Much of the criticism directed at Israel and specifically the status of its post-1967 administration of Judea and Samaria (and until 2005, Gaza), revolves around the question of what is legal and what may be illegal/
One claim is that a partition of the Mandate area was recommended in November 1947 but was rejected by the Arabs, as the rejected the 1937 partition and other offers. Given that rejection, Israel surely has a claim to additional territory especially as the Arabs not only rejected but launched a war of aggression at that time to prevent Israel from being establishment. And since they continued their Mandate-era terror campaign throughout the 1950s and 1960s and then initiated a war in 1967 by closing the Tiran Straits, expelling UNO observers and by shelling Jerusalem and other locations in Israel, to which Israel responded defensively, causing Israel to react defensively, the areas gained legally belong to Israel twice-over: being part of the original Mandate area within which a Jewish national home was to be reconstituted and due to the nature of the 1967 war.
At this point, I wish to introduce one other aspect: the 1939 British White Paper.
That policy change, and here I follow the letter of the United Kingdom Delegation to the United Nations of August 18, 1947, intended to put an end to uncertainty as to the objectives of England's policy in Palestine, and to prepare the way for the termination of the Mandate. In opposition to the interpretation of the Balfour Declaration contained in the White Paper of 1922, the British government “now declare unequivocally that it is not part of their policy that Palestine should become a Jewish State.”
However, at the same time, it "maintained the rejection of the Arab contention that they were pledged, by undertakings given during the war of 1914-18, to grant independence to the Arab population of Palestine as it could not agree that the McMahon correspondence forms a just basis for the claim that Palestine should be converted into an Arab State.”
There was to be a ten-year period of transition at the end of which the new independent State should enter into treaty relations with the United Kingdom.
As for Jewish immigration, not more than 75,000 additional immigrants during the five years beginning in April, 1939 would be permitted, and furthermore, “no further Jewish immigration will be permitted unless the Arabs of Palestine are prepared to acquiesce in it.”
The last section of the White Paper dealt with the transfer of land form Arab to Jewish ownership. Up until 1939, the Administration of Palestine is required, under Article 6 of the Mandate, to encourage “close settlement by Jews on the Land”, and no restriction had been imposed, the Paper claimed, on the transfer of land from Arabs to Jews. But the White Paper gave general powers to the High commissioner to prohibit and regulate transfers of land.

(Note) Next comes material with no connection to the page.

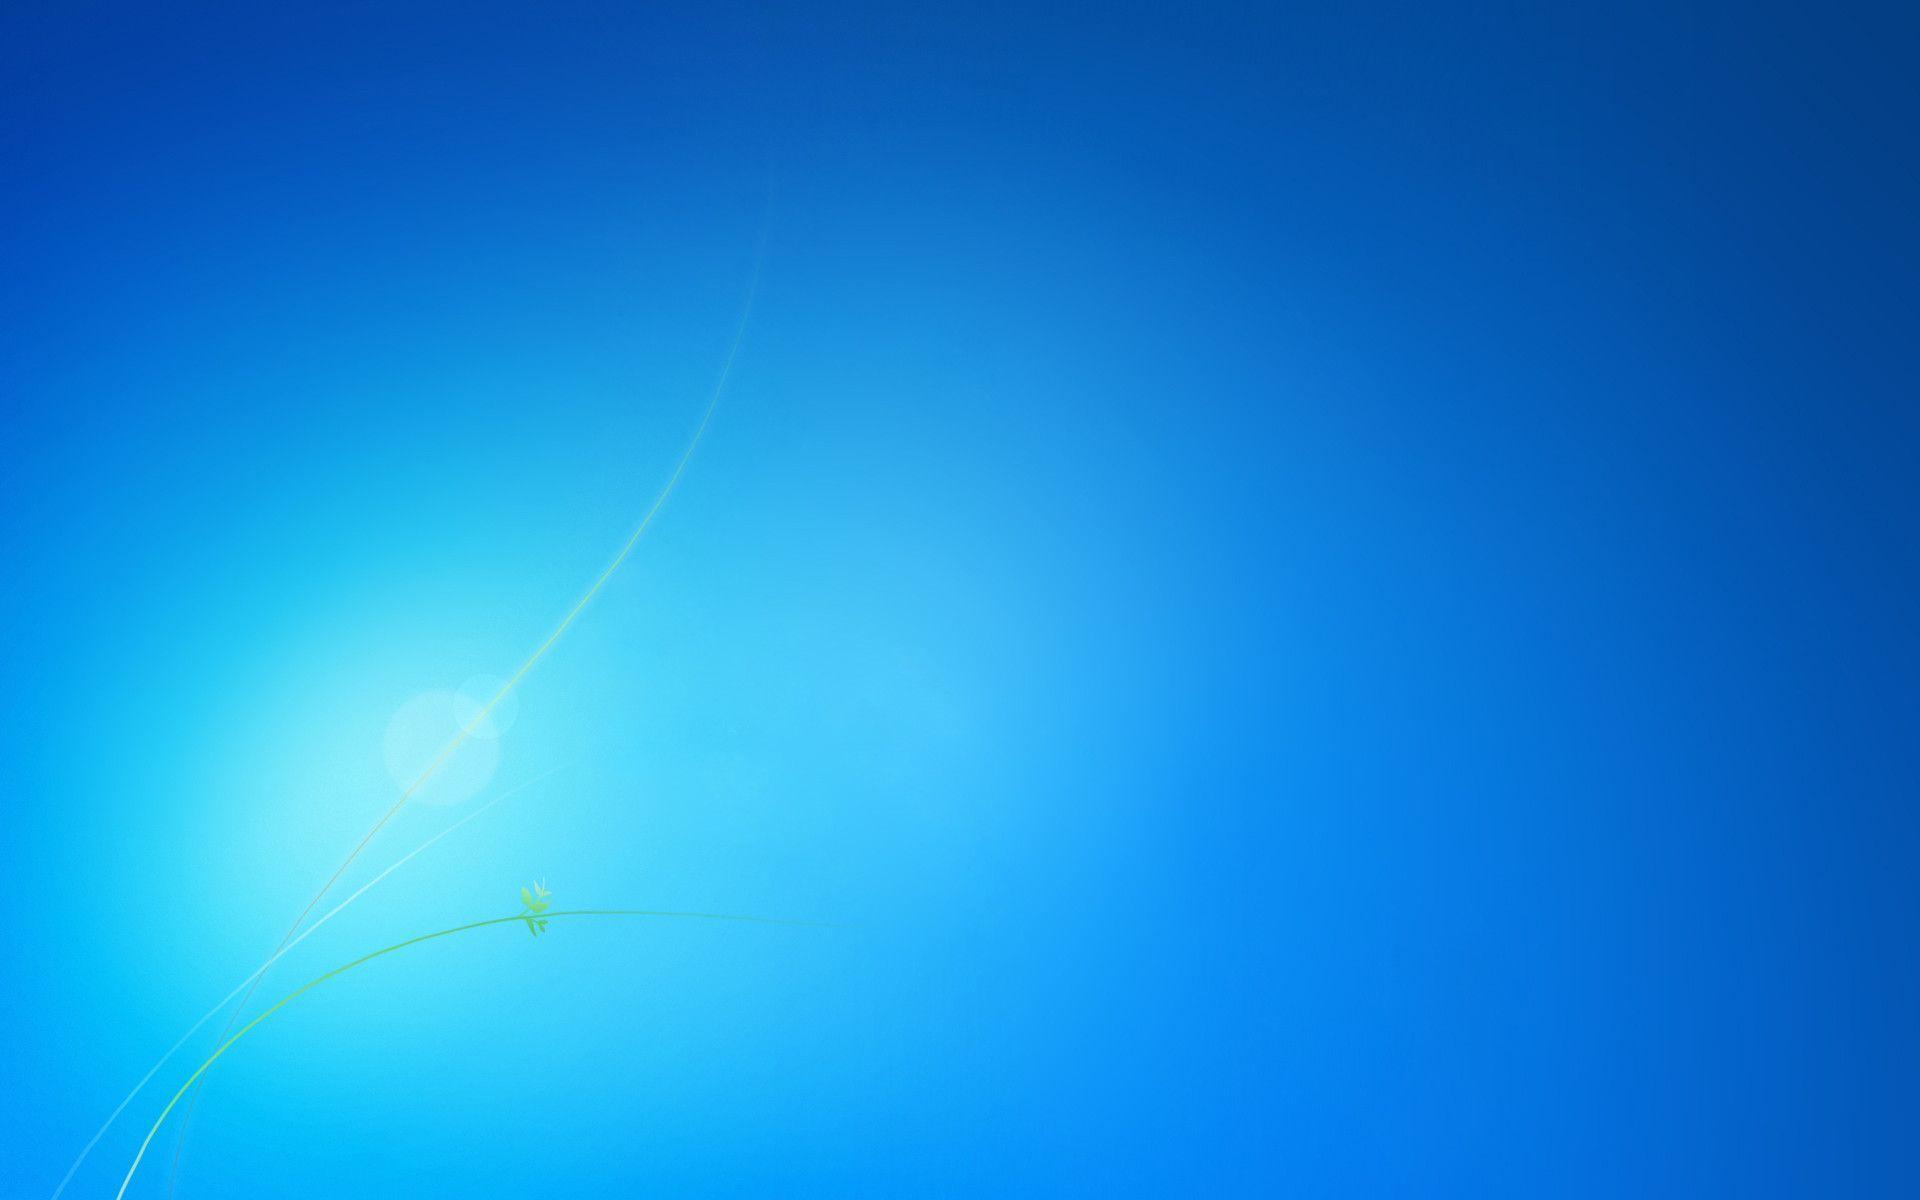 Windows 7 Blue Desktop Wallpaper 12838 High Resolution. wallpicnet

The policy expounded in the White Paper was bitterly condemned by all Zionist opinion. The Zionist Congress of 1939 denied its moral and legal validity, and declared that the Jewish people would not acquiesce in the reduction of its status in Palestine to that of a minority. The Arabs criticised the length of the period of transition, the provision for its possible prolongation, and the proposal that representatives of the mandatory Power should participate in framing the constitution of the independent State.
That was the background.
Paragraph 110 of that letter than noted:
The Mandatory’s new statement of policy was examined by the Permanent Mandates Commission at their thirty-sixth session in June, 1939. the commission reported that:“the policy set out in the White Paper was not in accordance with the interpretation which, in agreement with the Mandatory Power and the Council, the Commission had always placed upon the Palestine Mandate.”
They went on to consider whether the Mandate was open to a new interpretation with which the White Paper would not be at variance. Four of the seven members“did not feel able to state that the policy of the White Paper was in conformity with the Mandate, any contrary conclusion appearing to them to be ruled out by the very terms of the Mandate and by the fundamental intentions of its authors.”
The other three members “were unable to share this opinion; they consider that existing circumstances would justify the policy of the White Paper, provided the Council did not oppose it.”
In other words, the White Paper with all its restrictions and fundamental alteration of policy was, yes, illegal.
And unfortunately, the League of Nations Council was prevented from either approving or invalidating that White Paper due to the outbreak of war in September.
The 1947 Partition was rejected and became a dead letter.
The 1939 White Paper was illegal.
The 1937 Peel Partition was never accepted by the Arabs.
There is nothing illegal about Jews residing in Judea and Samaria, where they have always lived, except for the 19 years of Jordan's illegal occupation and annexation of the area when Jews were banned, as well as the 30 years of the Mandate period when Arabs engaged in a successful ethnic cleansing campaign forcing Jews out of Gaza, Samaria, Judea and the Jerusalem area.